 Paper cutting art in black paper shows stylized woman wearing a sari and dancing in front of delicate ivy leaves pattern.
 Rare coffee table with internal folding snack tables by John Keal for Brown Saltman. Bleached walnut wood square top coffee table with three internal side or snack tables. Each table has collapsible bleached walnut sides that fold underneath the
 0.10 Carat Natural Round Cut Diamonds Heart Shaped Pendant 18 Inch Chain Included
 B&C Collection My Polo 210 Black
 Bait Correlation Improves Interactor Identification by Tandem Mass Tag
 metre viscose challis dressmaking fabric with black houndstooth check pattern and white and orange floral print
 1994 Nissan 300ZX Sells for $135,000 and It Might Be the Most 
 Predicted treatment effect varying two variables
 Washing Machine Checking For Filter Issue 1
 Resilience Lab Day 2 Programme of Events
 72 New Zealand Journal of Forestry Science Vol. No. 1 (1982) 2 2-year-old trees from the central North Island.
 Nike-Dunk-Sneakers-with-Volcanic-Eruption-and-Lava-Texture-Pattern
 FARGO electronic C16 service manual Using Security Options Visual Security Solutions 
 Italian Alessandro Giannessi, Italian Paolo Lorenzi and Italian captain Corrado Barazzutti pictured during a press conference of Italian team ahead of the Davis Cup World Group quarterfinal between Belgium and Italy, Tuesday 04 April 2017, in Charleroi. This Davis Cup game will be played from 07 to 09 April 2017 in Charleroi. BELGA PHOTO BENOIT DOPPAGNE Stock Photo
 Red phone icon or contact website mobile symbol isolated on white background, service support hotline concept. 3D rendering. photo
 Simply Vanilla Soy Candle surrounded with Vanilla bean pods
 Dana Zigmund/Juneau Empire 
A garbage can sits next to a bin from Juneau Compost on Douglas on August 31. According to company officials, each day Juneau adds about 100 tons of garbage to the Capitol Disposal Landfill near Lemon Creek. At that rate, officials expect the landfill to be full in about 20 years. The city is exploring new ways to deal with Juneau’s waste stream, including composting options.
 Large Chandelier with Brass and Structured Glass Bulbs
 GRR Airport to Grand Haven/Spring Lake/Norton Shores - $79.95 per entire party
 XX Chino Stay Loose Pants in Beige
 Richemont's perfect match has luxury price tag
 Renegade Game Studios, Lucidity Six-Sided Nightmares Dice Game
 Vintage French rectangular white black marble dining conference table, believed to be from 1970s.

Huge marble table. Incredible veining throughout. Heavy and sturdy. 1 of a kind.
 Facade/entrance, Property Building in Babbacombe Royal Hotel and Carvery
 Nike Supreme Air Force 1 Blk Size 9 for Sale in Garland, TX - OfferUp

◆ **REQUIRED ACTION**
Go through the material above and copy each line that holds the string "service".

◆ **WRITTEN RESPONSE**
 FARGO electronic C16 service manual Using Security Options Visual Security Solutions 
 Red phone icon or contact website mobile symbol isolated on white background, service support hotline concept. 3D rendering. photo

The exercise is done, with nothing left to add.